Saskatoon company cashing in with high-tech wallet design
Project has raised more than $15K on Kickstarter
Between credit cards, debit cards, IDs and good old-fashioned paper money, a wallet can get crowded pretty fast.
That's led to new trend toward streamlined wallet designs — a trend Saskatoon's Ronin Energetics is cashing in on with a new high-tech wallet it calls the Arceo Wallet.
"We wanted to take a fairly mundane product that you might think, 'Oh, a wallet, everybody carries that around,' and really showcase that there's a lot of opportunity for mechanical innovation," said Alex Balogun, the company's founder and the wallet's designer.
Within days of launching on Kickstarter, Arceo Wallet has raised more than $15,000, well surpassing the original funding goal of $5,000.
The wallet is made from a carbon-fibre composite, a material Balogun said you're more likely to find in the aerospace industry than in your pocket.
"We wanted to help put carbon-fibre composites in people's hands in an everyday carry item that is very useful to their daily lives," said Balogun.
The Arceo, which starts at $88, features a magnetic latch and a special tensioning system designed by Balogun to keep everything snugly in place.
The wallets can be further customized to hold extra items like keys, tools and USB sticks.
"Whether you might want to carry around small tools, bit drivers, that type of thing, this is definitely the wallet for you," said Balogun.
Made in Saskatoon
The product is also serving as a showcase for for Ronin Energetics, a small fabrication shop in Saskatoon where the Arceo will be manufactured.

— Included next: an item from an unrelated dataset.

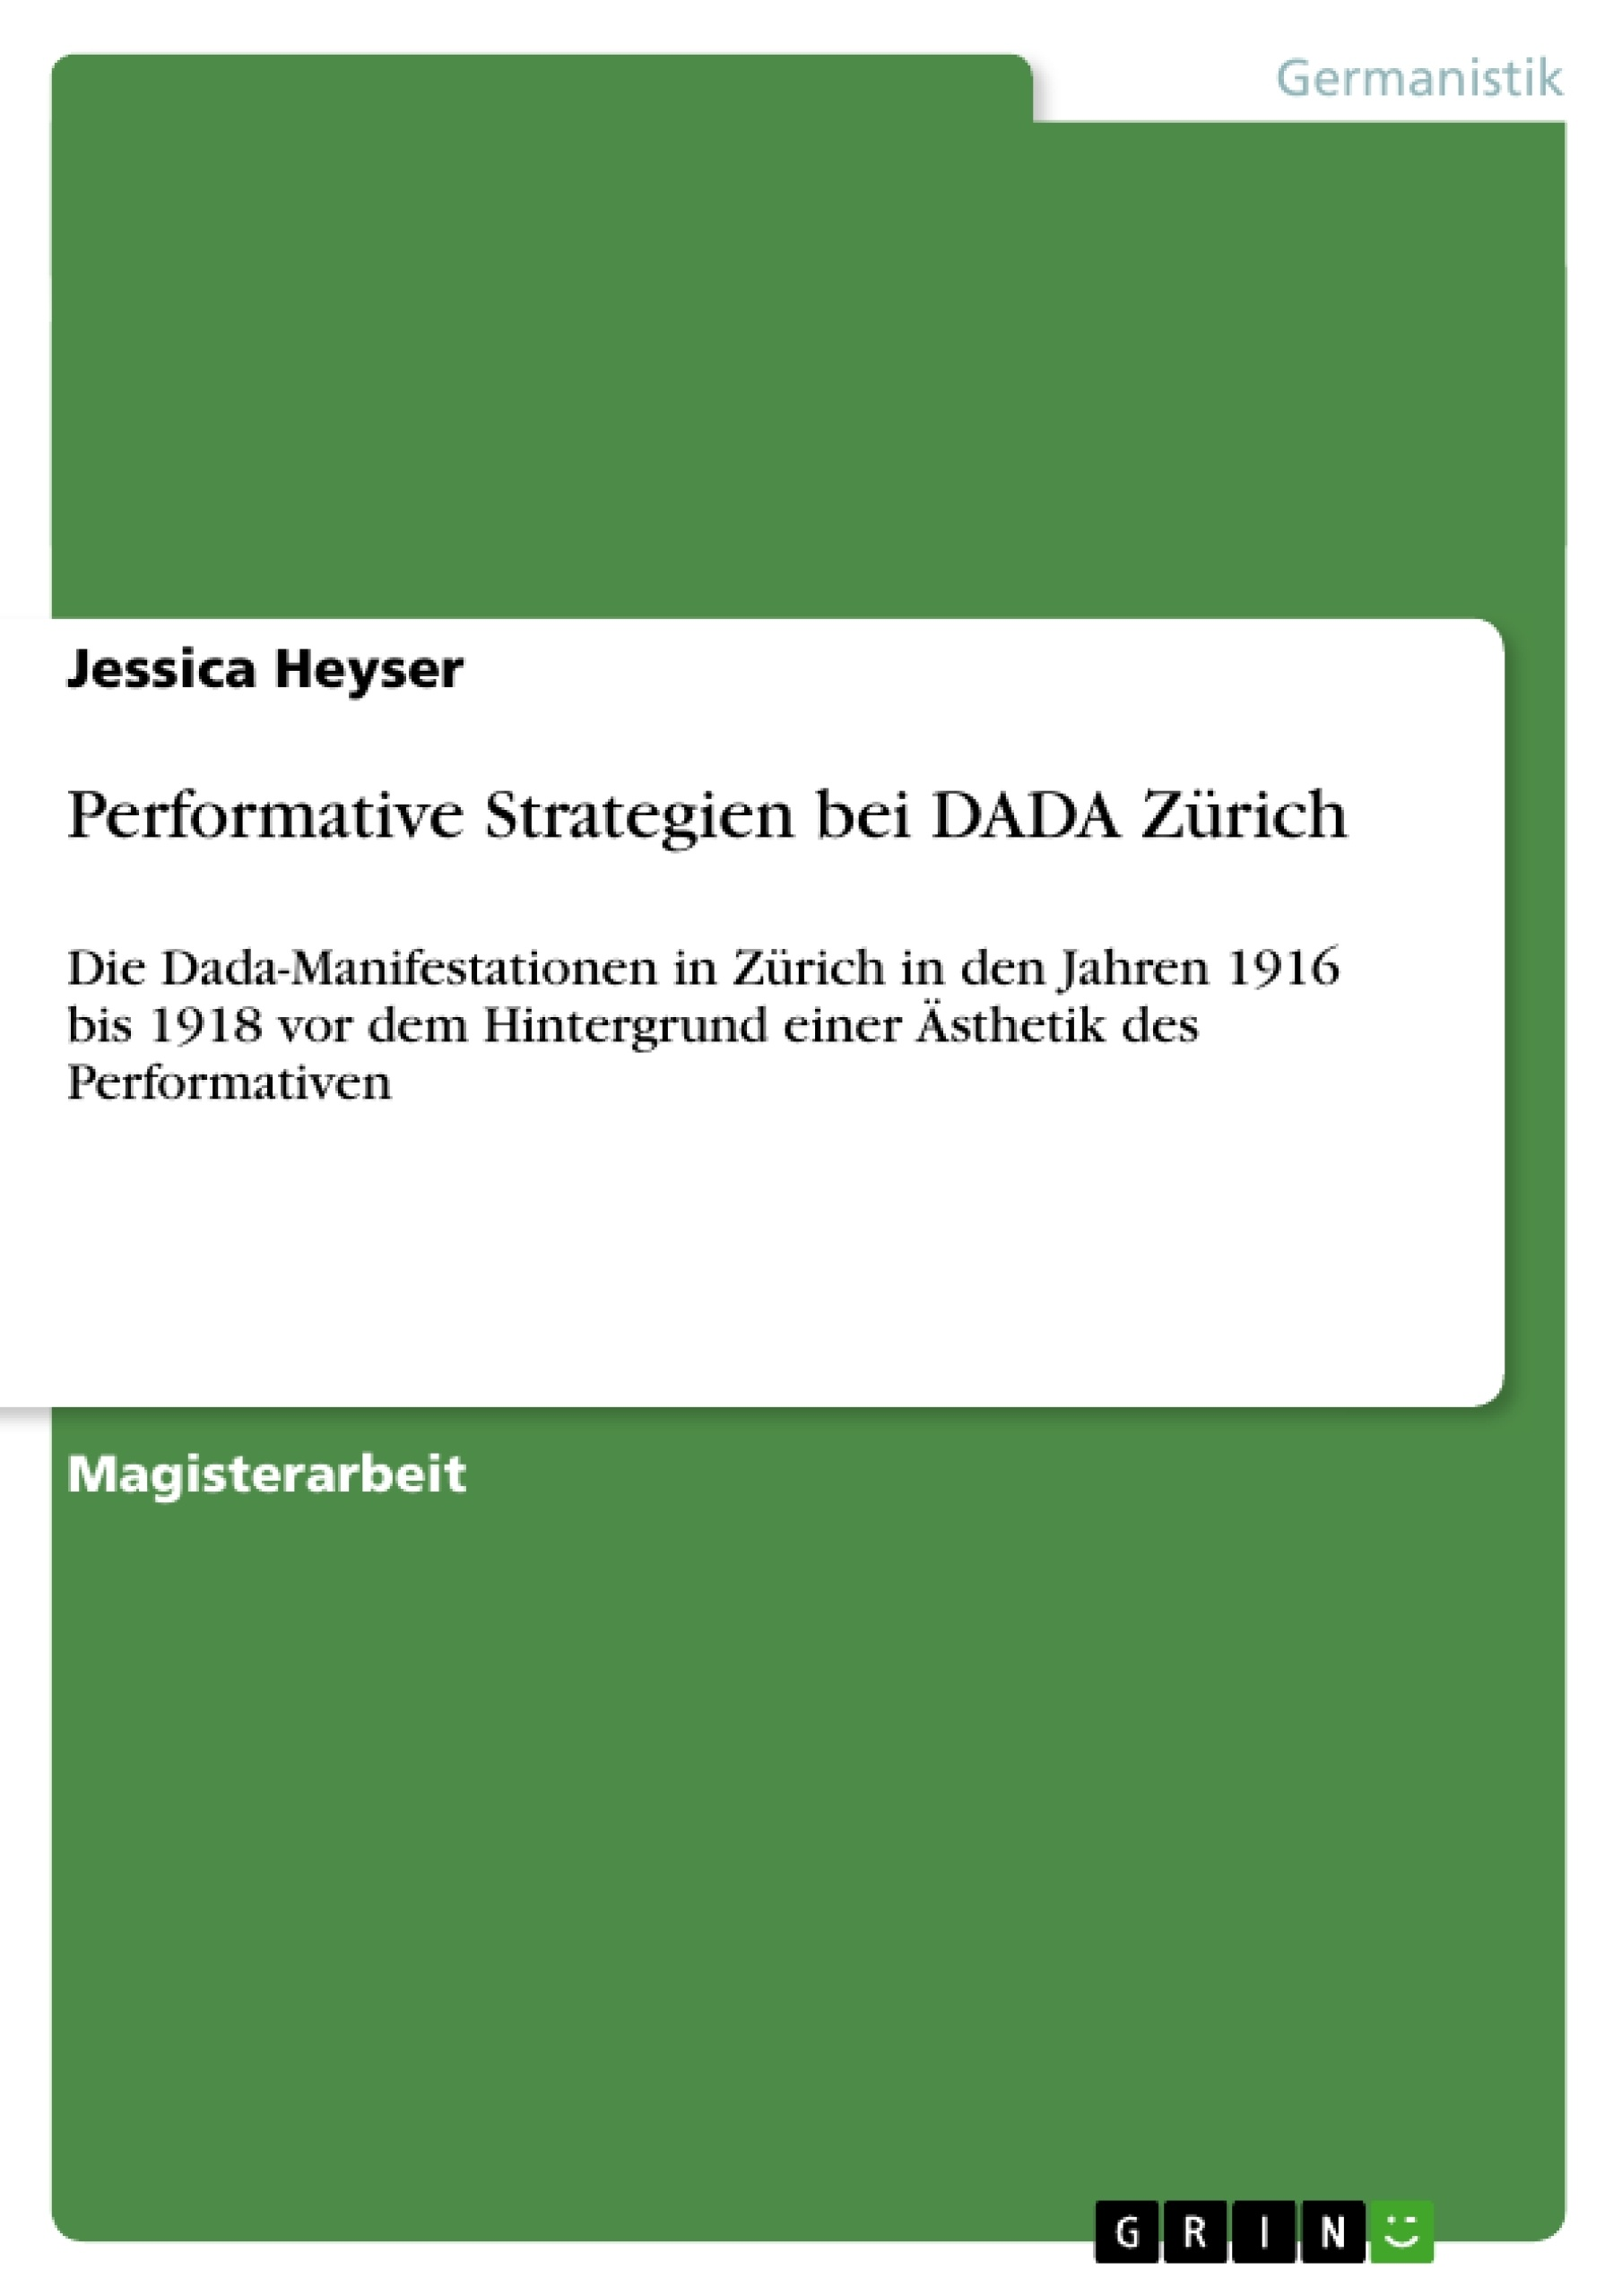 Titel: Performative Strategien bei DADA Zürich

"Local manufacturing is really making a resurgence, we believe. People want products that have more customization, more personalization. People want to be connected to the creators," said Balogun.
But anyone with the right equipment can try their hand at manufacturing the wallet themselves. That's because Balogun has "open sourced" his designs, freely sharing them online.
"We also want to help educate people about carbon-fibre composites and about the new paradigm shift that's happening in manufacturing right now," said Balogun.
"There's a lot of opportunity for mechanical innovation, not just in the mechanism that makes it work but also in the materials and the techniques used to turn those materials into a finished product."